This post is not about sympathy, although I do hope it may help someone considering instructing a solicitor to understand the “other side of the coin”.
The starting point – the legal market is competitive and most lawyers understand that there is a reality whereby clients view things differently and seek perceived proportionality on costs. Knowing this and being able to achieve what a client wants can present difficulties.
I was reviewing recent and important new case law this morning and came across an interesting professional negligence court decision involving solicitors. In the case in question, the client successfully sued her lawyers claiming some £15 million for negligent advice on a shareholders agreement. The issue in that case was whether the duty is less on the law firm where the client has a good degree of pre-existing knowledge of business and possibly legal issues. It’s worth a read, but the case in turn reminded me (as the case was cited) of a case from 2011 which is the subject of this post.
If a client sets a limited budget for advice, what happens if the advice is limited by the budget ?
My department are approached very regularly by prospective clients who explain that they have an agreement and simply want an overview of it on a limited budget. If course we understand fully where the client is coming from – they want the assurance of a trained eye but without spending fortunes.
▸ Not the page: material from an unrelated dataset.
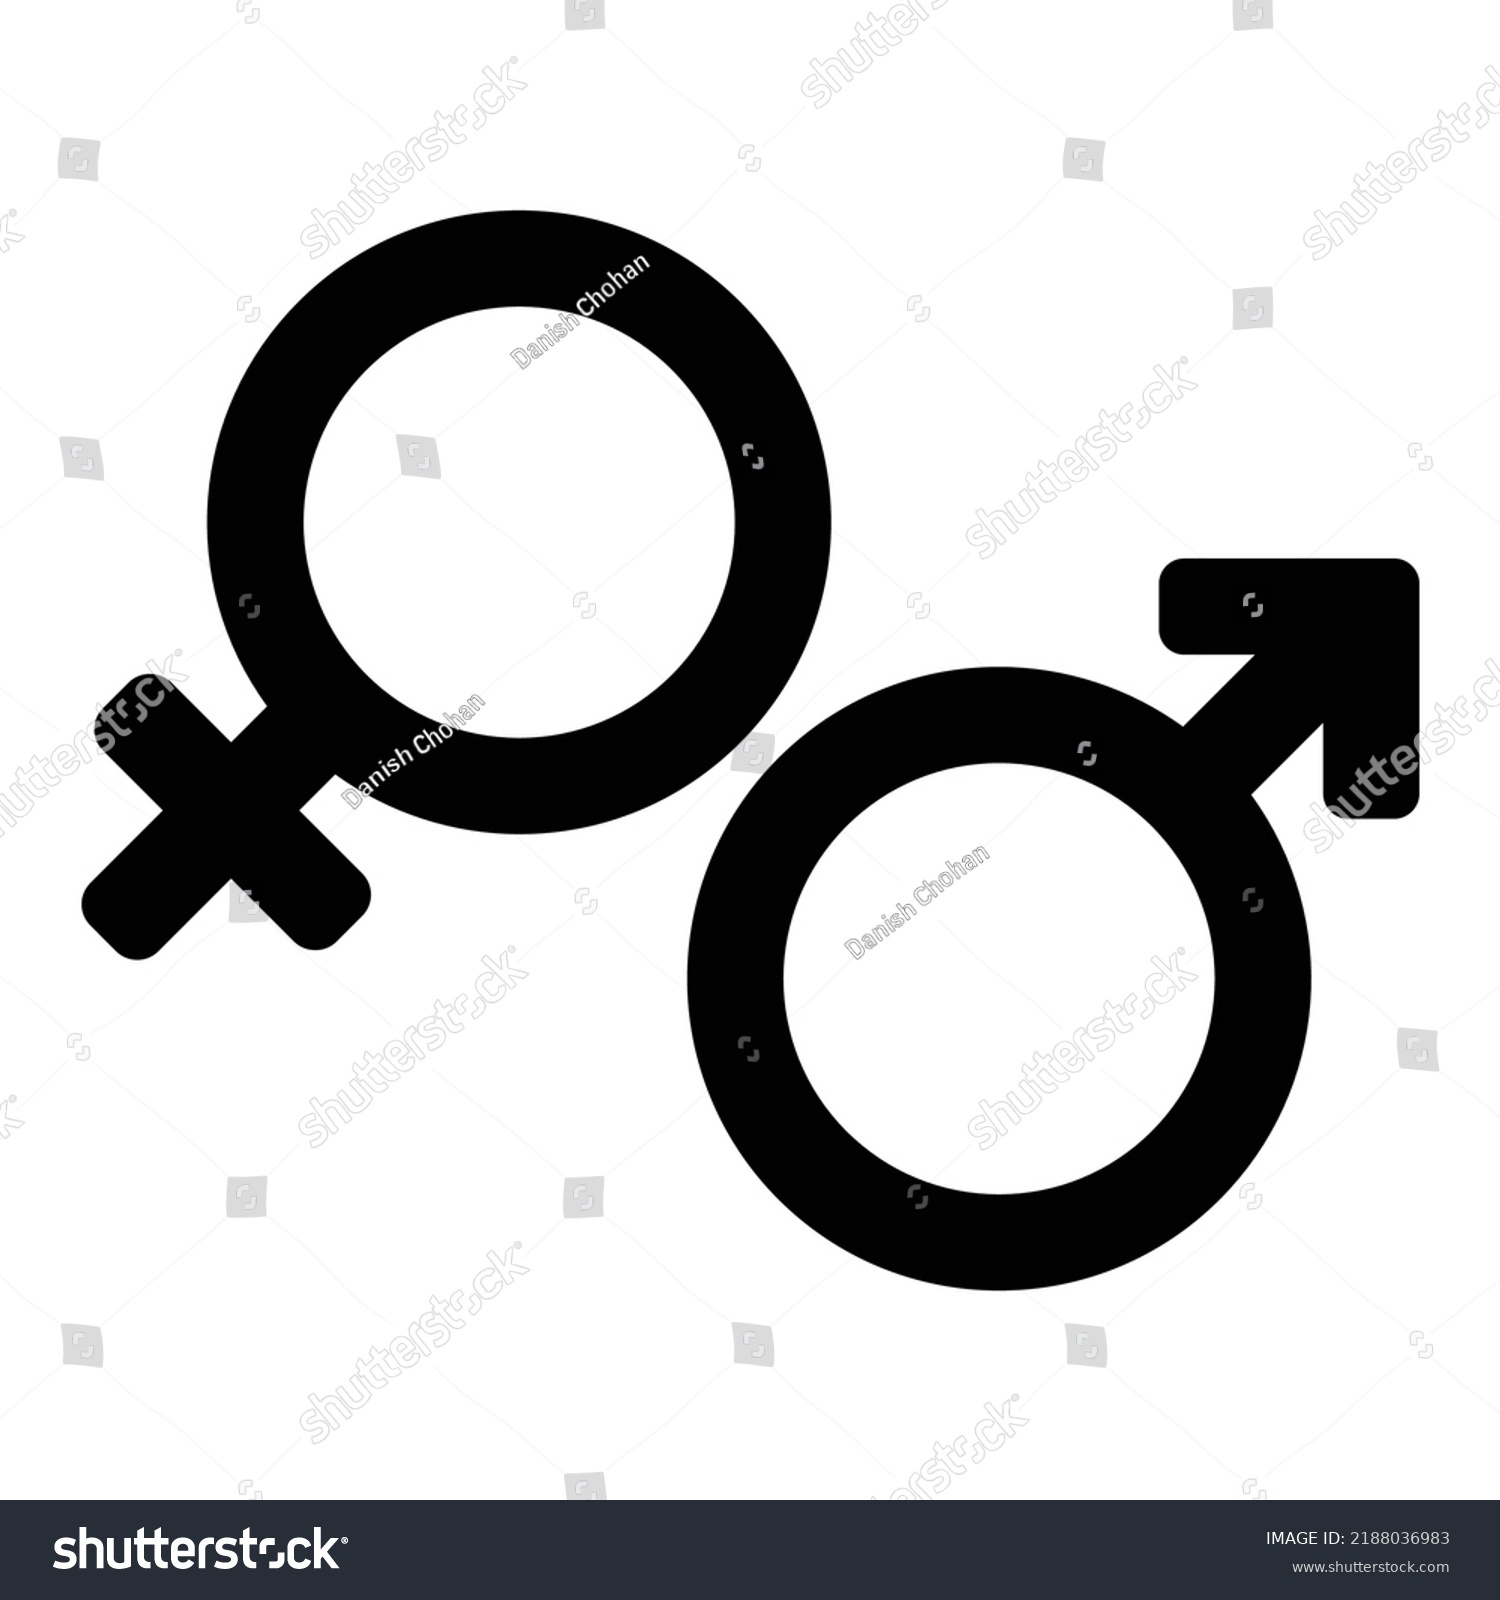 Sex Male Female Gender Vector Icon Stock Vector Royalty Free 2188036983 Shutterstock 5454

Completely understandable.
However, most contracts are not entirely straightforward – no off the shelf contract is likely to cover the same situation as the client has, clients often don’t understand the implications of clauses in a contract and items may need to be negotiated. What starts out as as a simple review rarely ends up like that, and whilst it’s tempting to blame the lawyers, that’s rarely the real reason.
The case of Inventors Friend Ltd v Leathes Prior (a firm) from 2011 is a very good example of the above and definitely worth a read in full – in summary, here’s what happened and the outcome :-
- the client was an inventor and his business had intellectual property which it wanted to leverage
- the client approached the law firm and asked them to “look over” agreements associated with licensing and distributing the invention
- the law firm advised that it would be impossible to do any worthwhile work whatsoever for £150.00 plus VAT and they would need a budget of at least £500.00 plus VAT just to offer some comments on the draft documents
- due to the very limited budget, representing only a few hours of the experienced lawyer’s time, no formal retainer agreement was sent, presumably because even to draft this in a meaningful way, to make clear what may or may not be included in the retainer, would have taken some time
- The agreement between the client and 3rd party went backwards and forwards several times (this aspect did not involve the lawyers as it was agreed that the client would deal with this aspect)
- the agreement ended up not including sufficient protections for the client
- the client sued the lawyers
The most important part iof the judgment, dealing with the extent of the retainer between the solicitors and client, says this (Mr Chadd is the lawyer and Mr Saunders the client) :-
” was boxed in by the budget of £500 agreed by Mr Saunders. He was also on the back foot since Leathes Prior was not involved in negotiating with the other side; Mr Saunders kept that aspect firmly to himself. Unfortunately Mr Chadd set the budget for the review of the two agreements without seeing them. Mr Saunders’ original figure of £150 was fantasy, but Mr Chadd then agreed to a considerable underestimate. The amount of work the firm needed to undertake was patently in excess of the budget … a leading commentary on this area of law concludes that, despite suggestions that low priced legal services should attract a lower standard of care, the point remains undecided: M Simpson (ed), Professional Negligence and Liability, London, Informa, para. 9.1.24. In my view where solicitors undertake work at a specific fee they are “generally speaking” obliged to complete the work, to the ordinary standard of care, even if it has become unremunerative. “
The above perfectly encapsulates the problem – if a solicitor, with the experience of knowing that few contracts end up as a simple issue of “looking it over” quotes definitively, he or she will usually quote a high fee which will put the client off. If the solicitor estimates fees, reserving the right to increase the fee, the client, for understandable reasons, doesn’t like this. If the solicitor takes the case on for a low fee, even where the evidence suggests the retainer is limited, the solicitor will be expected to do what it takes to do the work properly, even if this means a huge loss, or he or she will be negligent. In this latter category, with due respect to the law of negligence and Judges, it appears that the law is out of touch with reality.
Clients may come away from reading the above thinking that it’s a good idea to nail the solicitor down to the lowest fee, because the solicitor will still be negligent even if unable to do the work properly on a budget. However, as a client, do you really ant all the hassle, stress and risk of suing your solicitor later on ? In reality, it is the old truism that you get what you pay for that’s worth remembering.